Try this:  Stand with your heels against the baseboard of an open wall and place the back of your head against the wall, along with your shoulders and about halfway down your back and your buttocks.  Not easy for you?  Then chances are you are walking through life lead by your head and not your heart.  Try it again and this time, tuck your tailbone down and under without moving your shoulders, mid back, or buttocks away from the wall. Did you feel your stomach muscles engage?  Did your head and shoulders come away from the wall when you tucked in your tailbone? 

Doing this exercise and keeping your head, shoulders, buttocks, and halfway down your back against the wall, you can start to feel the muscles that need to work and the ones that need to lengthen.  Pay attention to your rib cage.  Not just the front, but all around your torso.  Now, keeping your head, shoulders, back and buttocks against the wall walk your feet forward and bend your knees.  You should be feeling your abdominal muscles fully engage and this should make it easier to hold your position against the wall.  This is also working your leg muscles.  Make sure your feet are firmly planted on the floor. You can hold here for a bit and slowly come back up.  Try it a few times. 

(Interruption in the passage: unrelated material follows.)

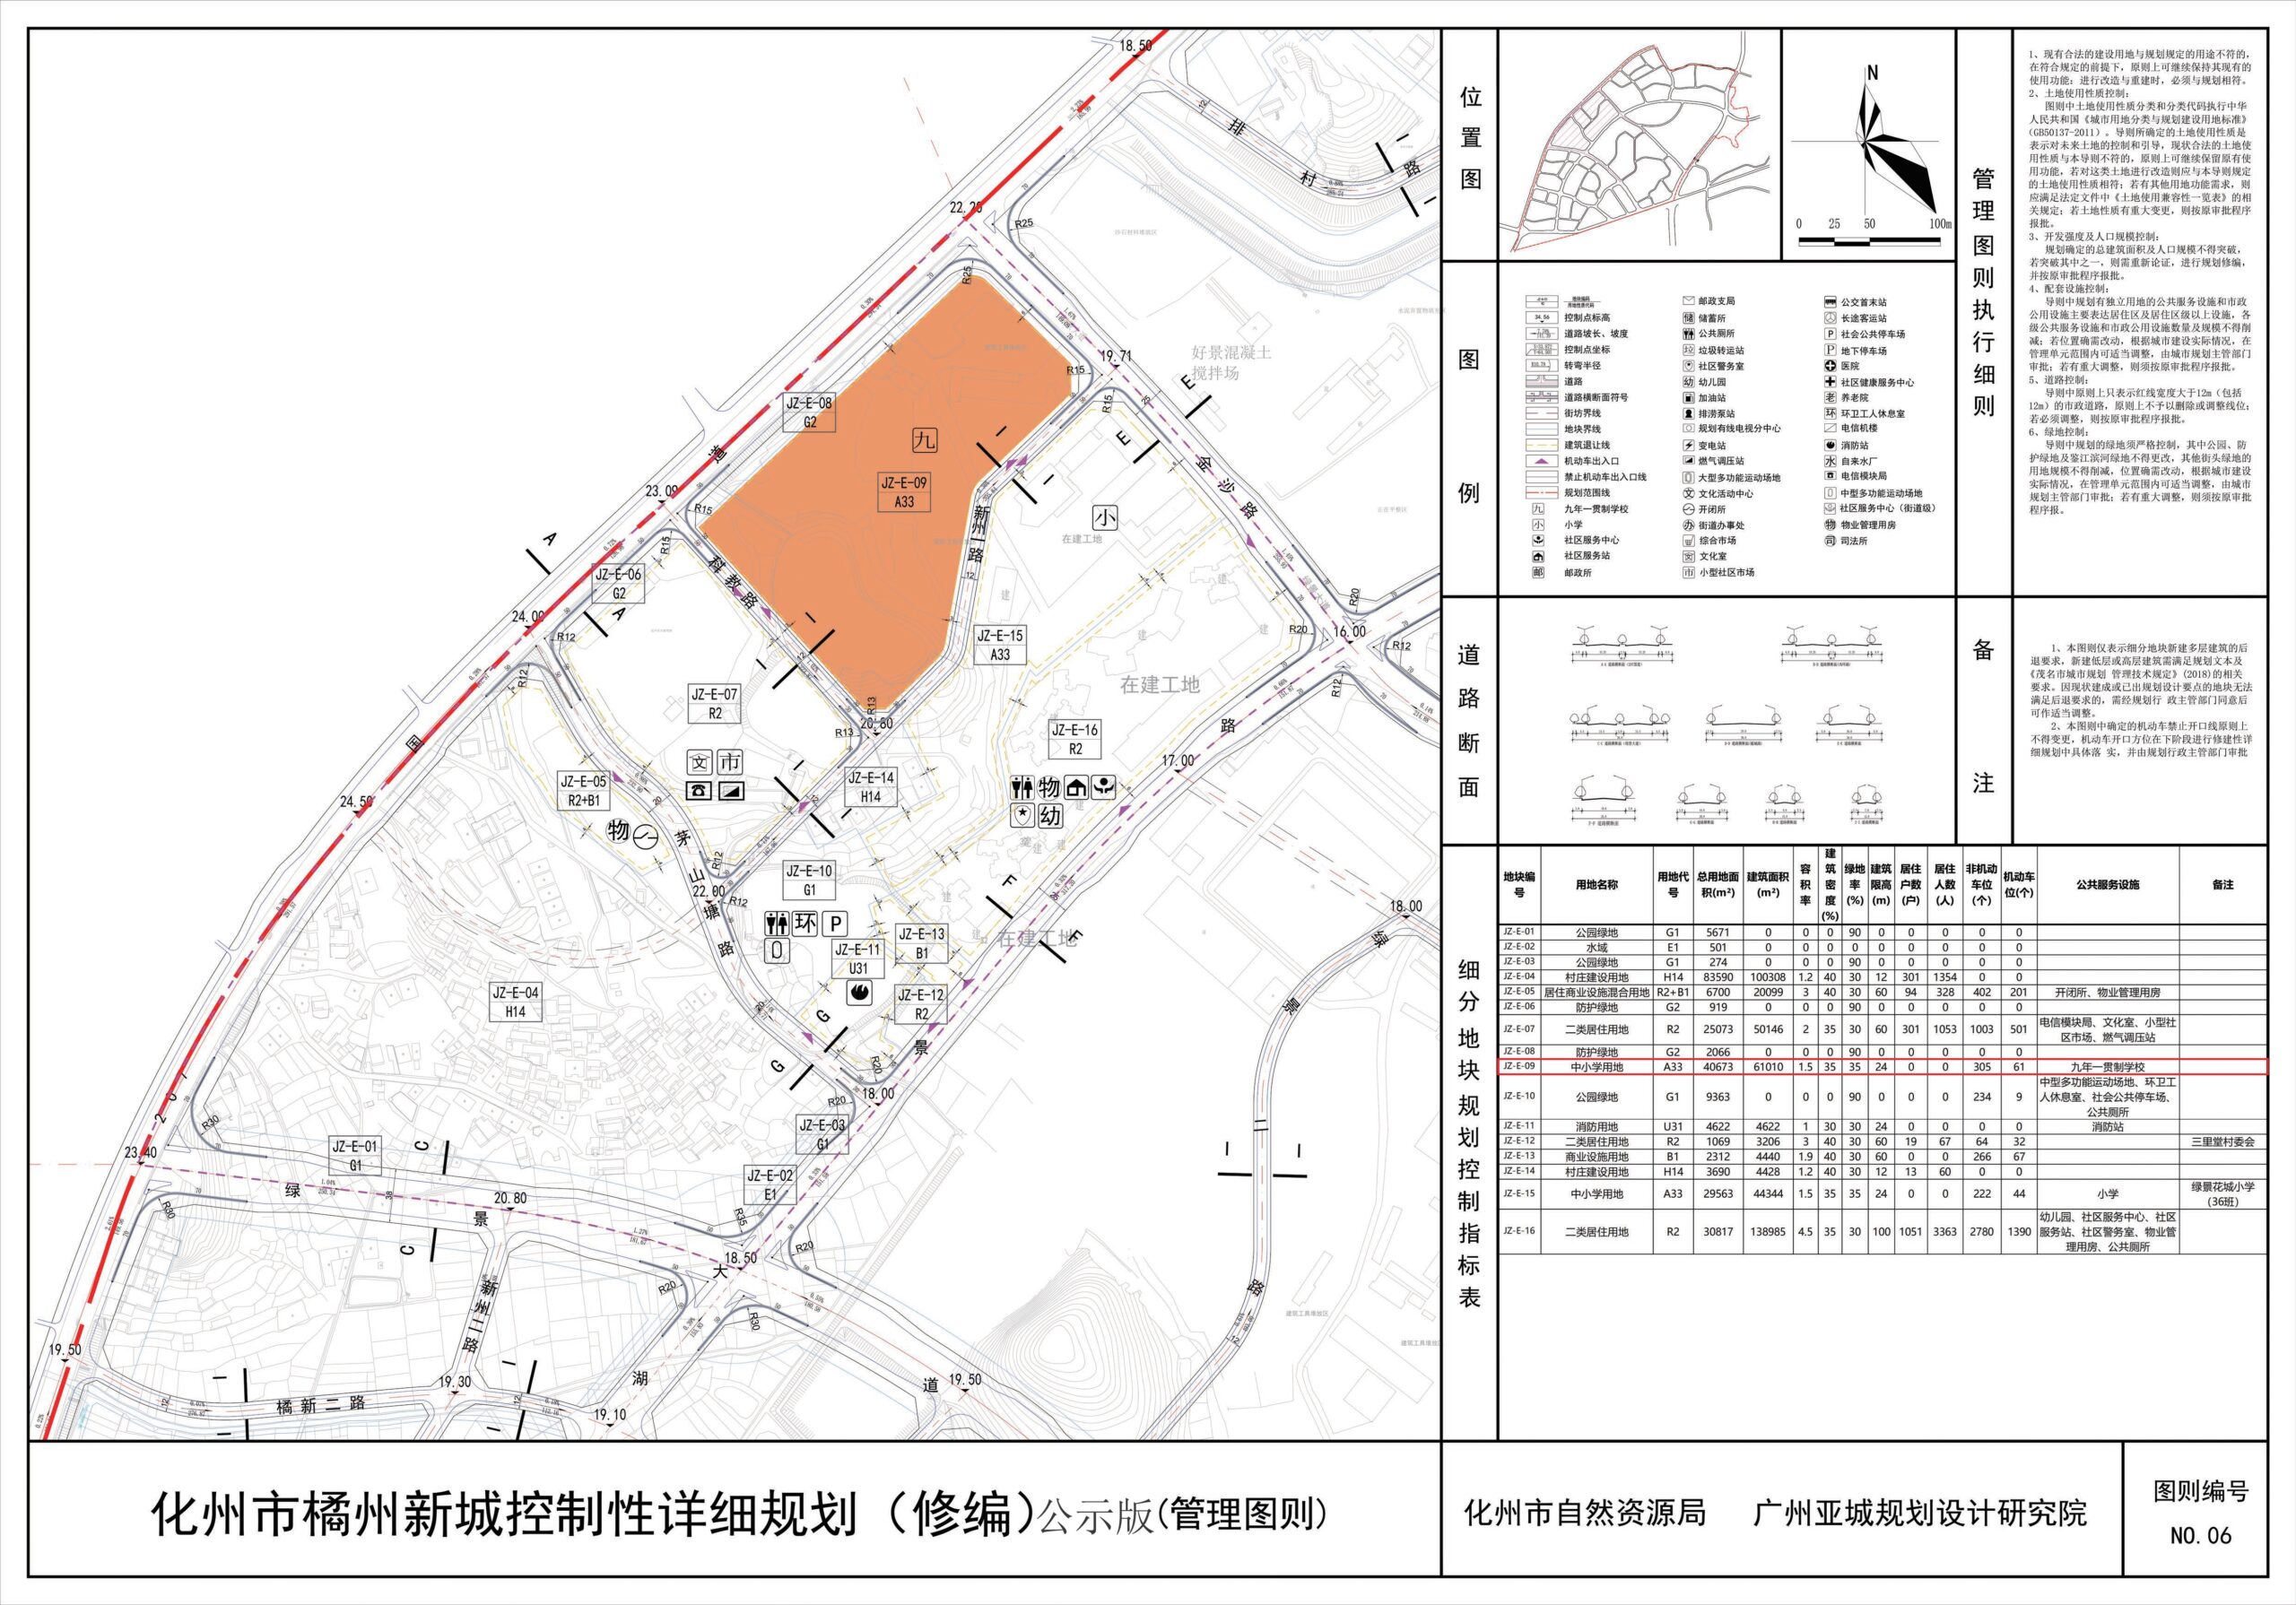 化州市绿景国际花城绿景花城小学二期修建性详细规划与设计方案批前公示 2

Next, holding the above position, bring your arms up against the wall to “goal post” arms.  Making a goal post with your arms against the wall.  Is this difficult?  Are your hands moving away from the wall?  Remember to keep all of your back against the wall while holding your arms up.  If you can hold this, try moving your elbows into your waist while keeping your arms against the wall.  This action is engaging your upper back muscles, which are very important for holding your torso upright.  They are as much a part of your core muscles as your stomach muscles are.  These upper back muscles are, for most people, very hard to find.  Our continual slouching cause these muscles to be underworked, weak and tight.  Think about an old rubber band.  When you try to stretch it, it breaks.  These muscles need to loosen up and also need to be engaged in a conscious way.  If the position against the wall is difficult for you and causes pain in your neck or shoulders, you can do the whole thing on the floor.  Gravity is a wonderful tool. 

Lay on the floor with your knees bent, making a teepee with your knees together and your feet apart.  Keep the back of the head flat against the floor, along with your shoulders and all of your back.  And do the same as explained above, keeping every part of your back against the floor.  Don’t forget to breathe!

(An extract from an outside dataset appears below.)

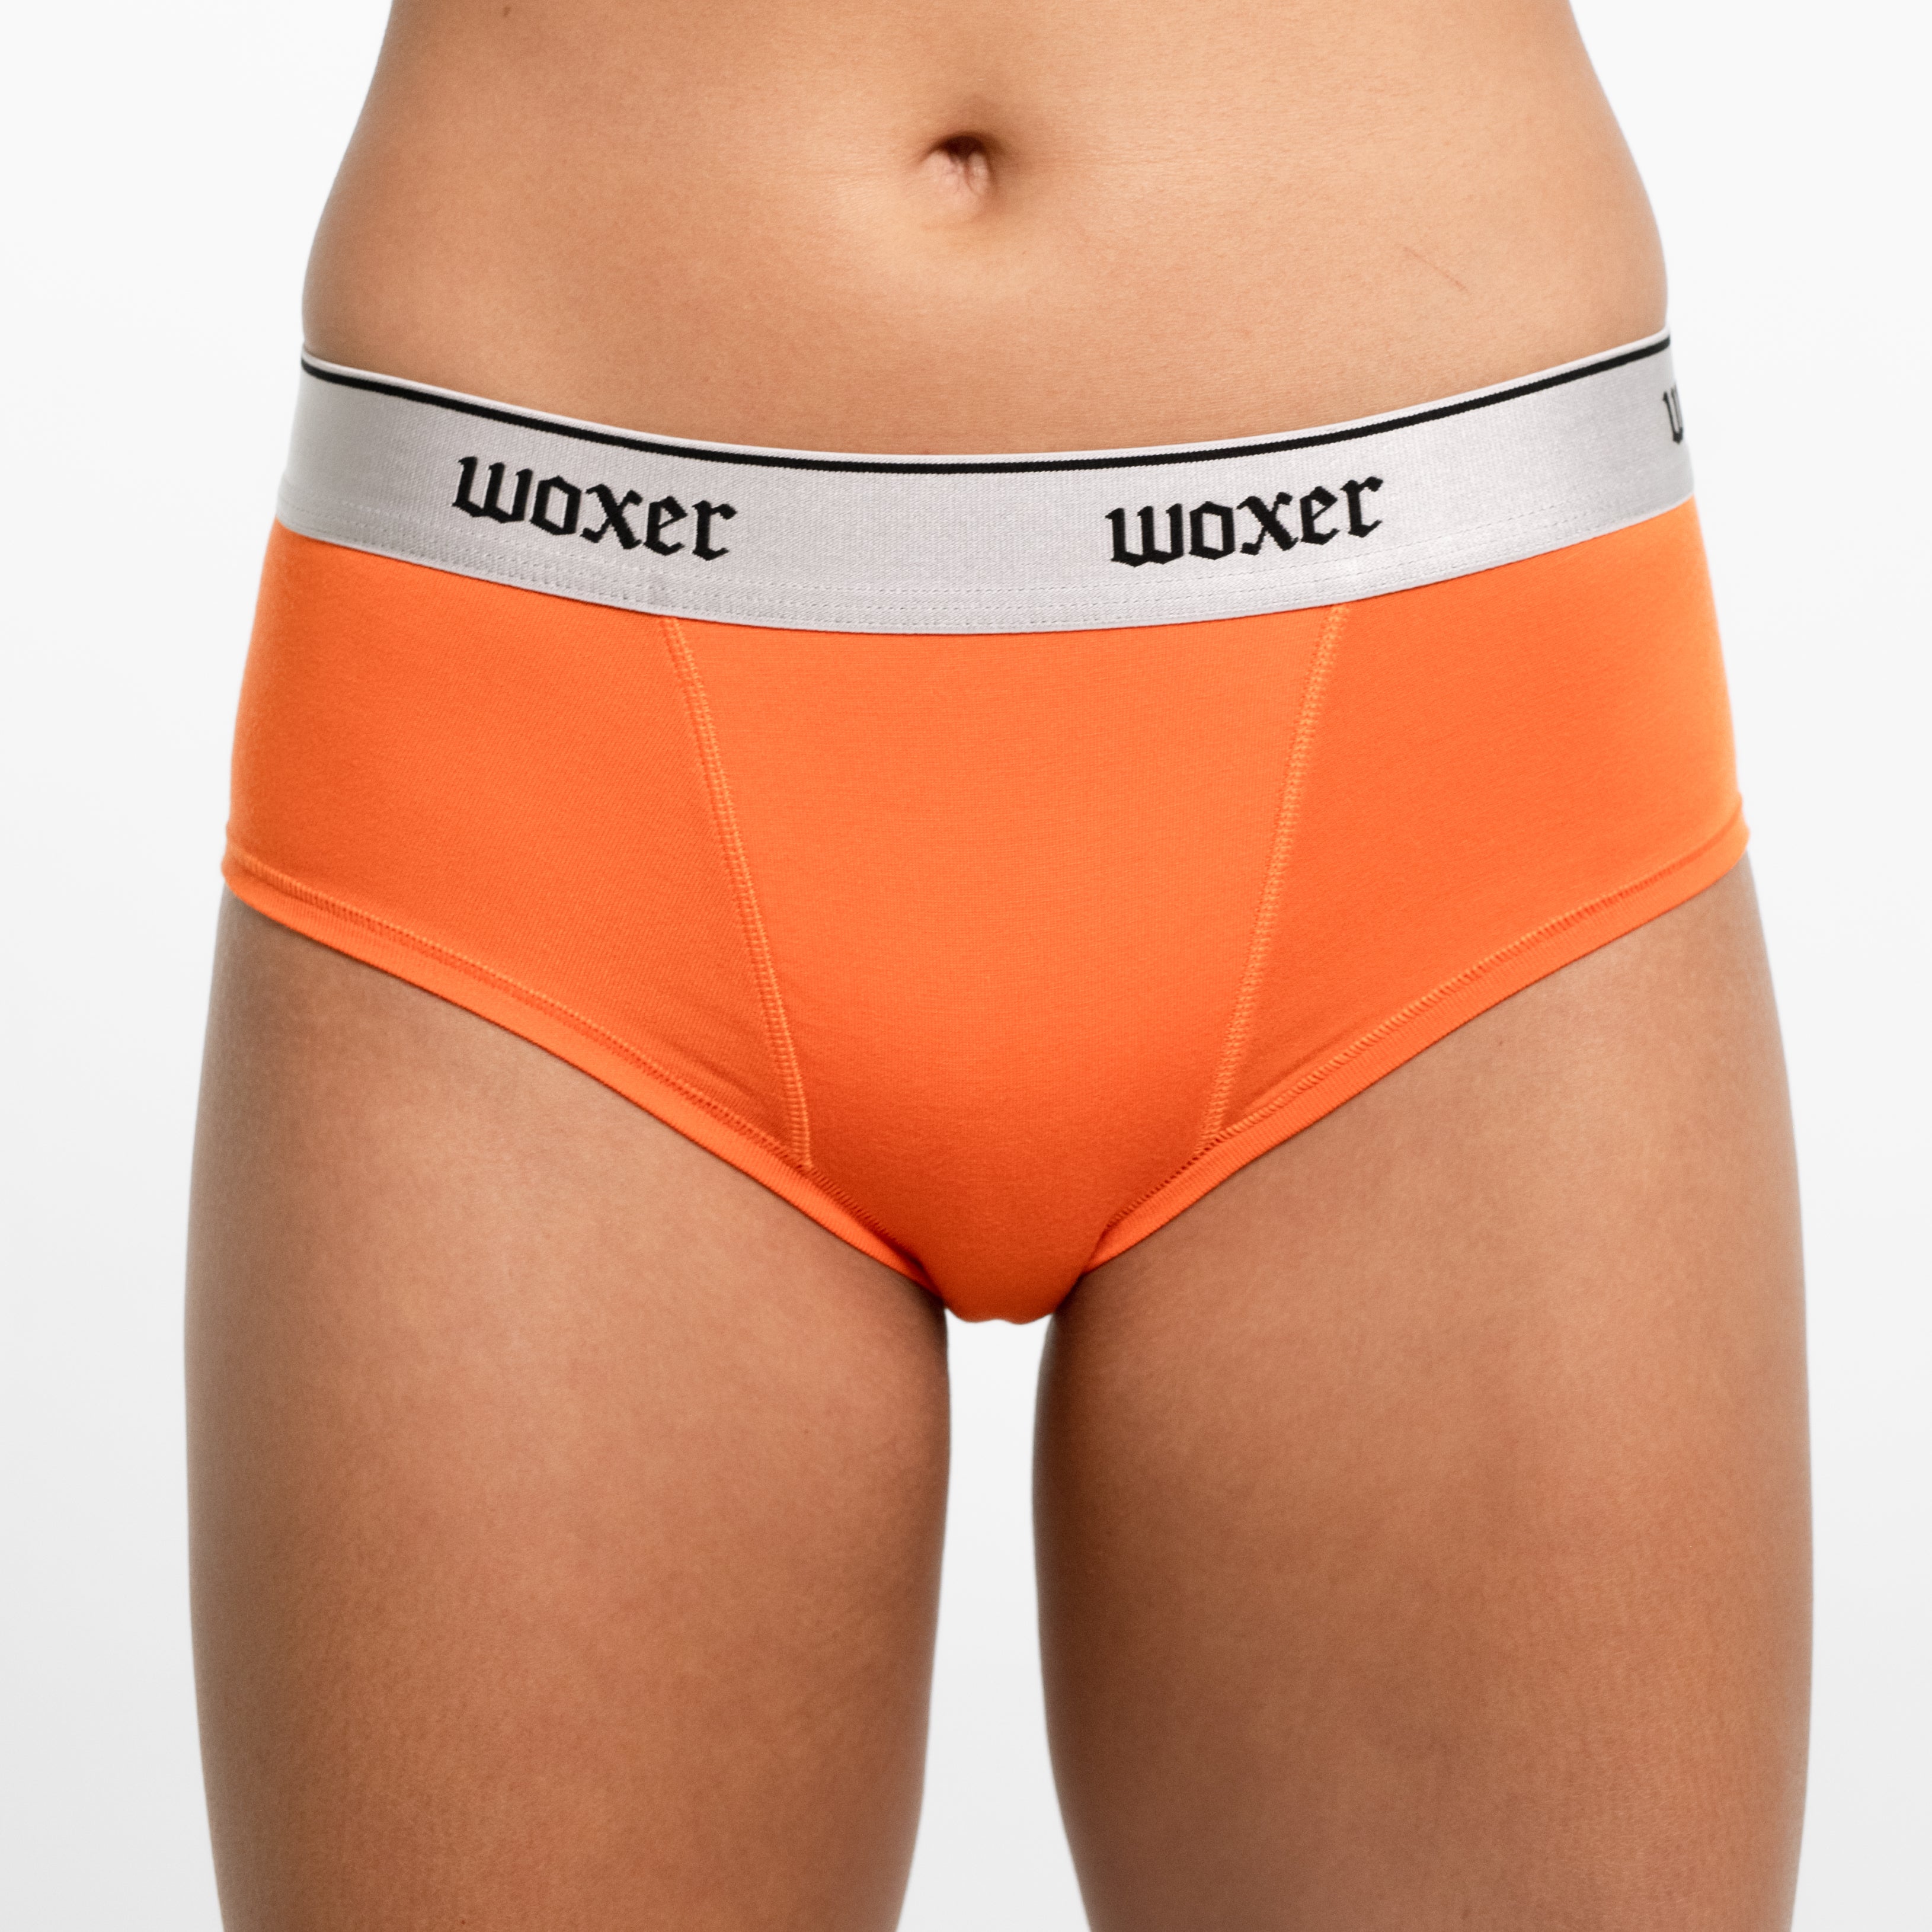 Woxer Women's Boxer Briefs Underwear, Biker 9” Boyshorts, Exercise

Breathing.  Let’s talk about that and how that will help your back.  While you are lying on the floor with your arms at your side, see if you can hold in your stomach and just breathe through your lungs.  Can you inhale each lung fully? Are you noticing one lung inflates more than the other?  Is the front of your chest expanding more than the side or back of your torso?  Just notice this.  And continue to breathe.  Try closing your eyes. 

If you have a job that keeps you in one position all day, there are things you can do for your back during the day.  Seated at a desk?  Try putting a block or box under your feet so that your knees extend directly out from your hips.  Standing a lot?  Try twisting from side to side, rotating your torso while keeping your hips forward.  Take a break and walk.  Lead with your heart and not your head.  Engage your upper back muscles, draw your shoulders back and down, tuck your tailbone down and lengthen the top of your head up.  Try a restorative yoga class or hatha yoga.  If your back is sore, lay on the floor with your feet on a chair and your knees bent or with your feet up a wall.  Breathe as you let go of every part of your body that is against the floor.

You see, it’s not only about relaxing your lower back, but also about engaging the correct muscles to support your lower back.  Once these core muscles are activated, your lower back muscles can work more efficiently and with the help of the rest of your body. 

As always, consult your doctor if your lower back pain is persistent and is accompanied with leg numbness or tingling.

Lead with your heart into the future!